Controllata dopo l’unità da James Rotschild al nord, dal livornese Piero Bastogi al sud, da capitali francesi le linee romane e calabro-sicule, da capitali inglesi quelle sarda, la rete italiana fu nazionalizzata da Giolitti tra 1905 e 1906, dopo che su una prima proposta di statizzazione era caduta nel 1876 la Destra storica.
VAGONI E SOLDATI
Ancora insufficientemente utilizzata in base alle medie europee per via della povertà della popolazione, giusto un secolo fa la rete ferroviaria italiana dimostrò però la sua potenzialità con la Grande Guerra, quando trasportò 35 milioni di soldati, un milione di feriti, 1,3 milioni di quadrupedi e da 12.000 a 100.000 munizioni al giorno. Il mito dei treni in orario di Mussolini è stato contestato da chi obietta una sua iniziale reticenza all’elettrificazione, ma in compenso quando il regime infine si decise fece le cose in tal modo che già nel 1939 i 1400 km di rete ponevano l’Italia all’avanguardia d’Europa, e pionieristico per superare il modello del vapore fu anche dal 1932 l’utilizzo di quelle automotrici a benzina che il popolo ribattezzò appunto Littorine.

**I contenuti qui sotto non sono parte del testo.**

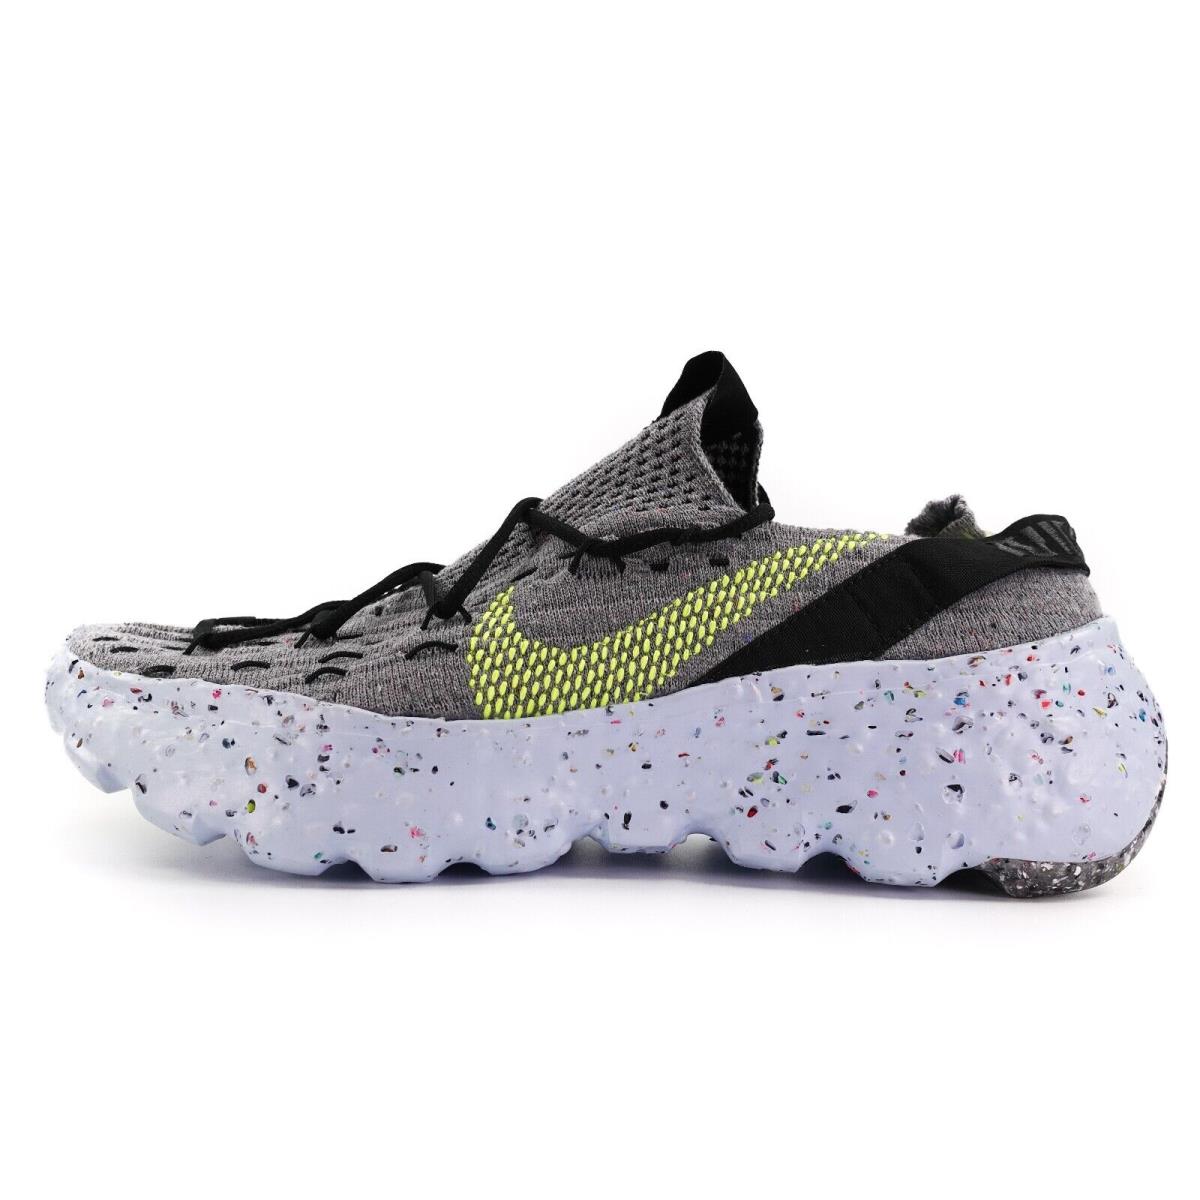 Nike Space Hippie 04 Womens Size 10.5 Lightweight Shoes CD3476-001 Mens 9

Distruzione della guerra a parte, per cui solo nel 1949 la rete tornò ai livelli pre-bellici, l’Italia repubblicana ha fondato il suo boom sul trasporto su strada, per cui la quota dei passeggeri delle ferrovie rispetto ai trasporti terrestri scende al 16,2 del 1965 e al 10, 9 del 1979. Ma la Seconda Repubblica ha coinciso con un’epoca di Tav e privatizzazioni che in qualche modo ha riportato le ferrovie al centro del discorso. Dal 13 dicembre 2009 per andare da Roma a Milano il Frecciarossa ha abbattuto per la prima volta la barriera delle tre ore: due ore e 59 minuti, per la precisione, che diventano 2 ore e 45 minuti tra Roma Tiburtina e Milano Rogoredo, e proprio in Italia con la liberalizzazione ferroviaria europea del primo gennaio 2010 dal 28 aprile 2012 in concorrenza con l’ancora statale Trenitalia ha iniziato il suo servizio commerciale la Ntv di Luca Cordero di Montezemolo. Primo esempio al mondo di un sistema di alta velocità non più in condizioni di monopolio.